Test of serial correlation for the idiosyncratic component of the errors in panel models
In our models our assumption for the errors is \(υ_{it} ∼ iid(0, σ_υ^{2})\).
With longer panels, serial correlation between errors is a problem:
\(Cor(υ_{it}, υ_i(t−1))≠0\).
We can test for serial correlation in our time and unit FE specification model, as such:
pbgtest(unit_time_fe, order = 2)
##
## Breusch-Godfrey/Wooldridge test for serial correlation in panel models
##
## data: co2_per_capita ~ tax
## chisq = 0.25101, df = 2, p-value = 0.8821
## alternative hypothesis: serial correlation in idiosyncratic errors
In here, the null hypothesis is there is serial correlation of any order up to 2 (i.e., first- and second-order). In this case, we do not find any serial correlation, so we do not need to correct our standard errors manually. If we were to find serial correlation, we could introduce robust standard errors with a similar syntax to the one used last week for clustered standard errors:
model_with_robust_se <- coeftest(unit_time_fe, vcov=vcovHC(unit_time_fe, type = "sss"))

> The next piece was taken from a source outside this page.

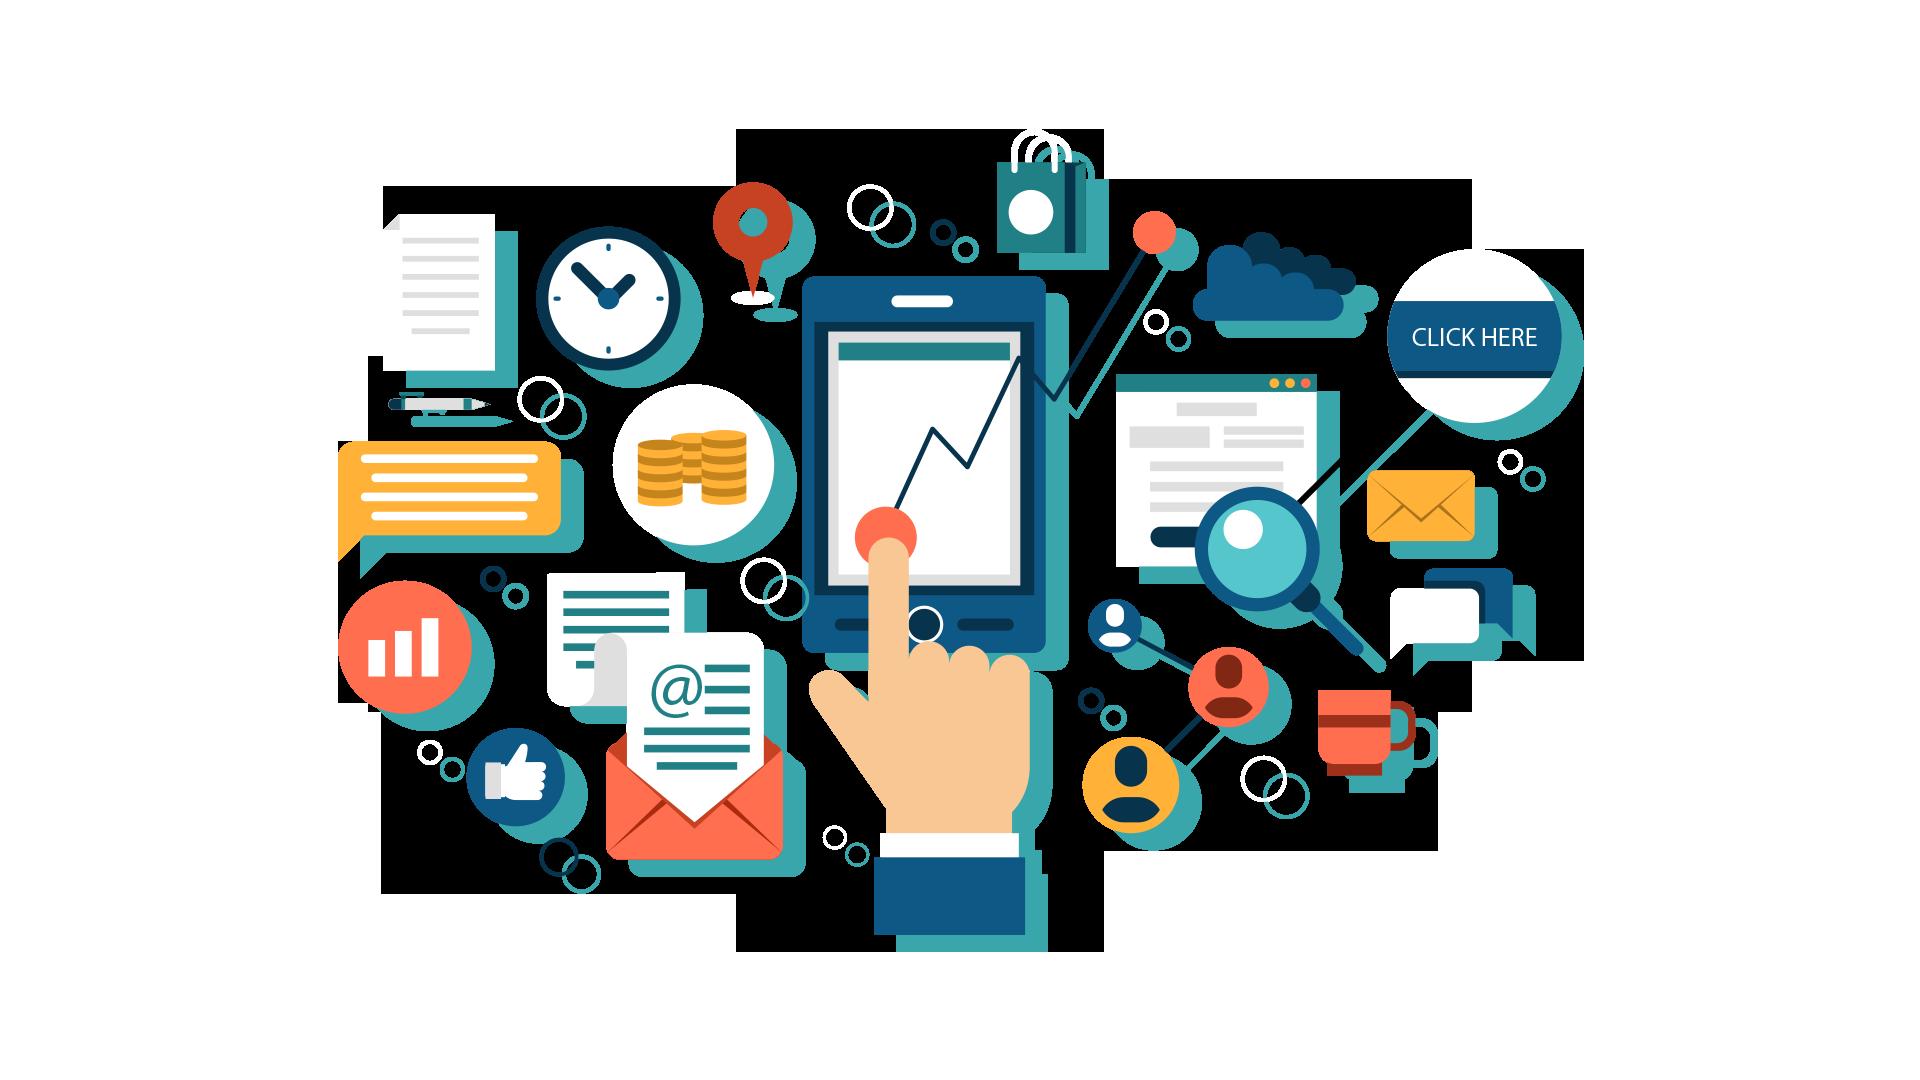 Những thống kê quan trọng về Digital Marketing năm 2020 (Phần 1) - Trang  thông tin về OTA - Du lịch - Khách sạn - hàng đầu Việt Nam

Drafting some brief recommedations
You report back to the Organization of Economic Non-Cooperation for Development (OENCD). Based on your analysis of the data at hand, you suggest that the implementation of a carbon tax does have an effect on national carbon dioxide emissions per capita. Your results show that a carbon tax reduces \(CO_2\) emissions by 3.91 metric tons per capita.
Your results are welcomed internationally and all states move forward with the measure.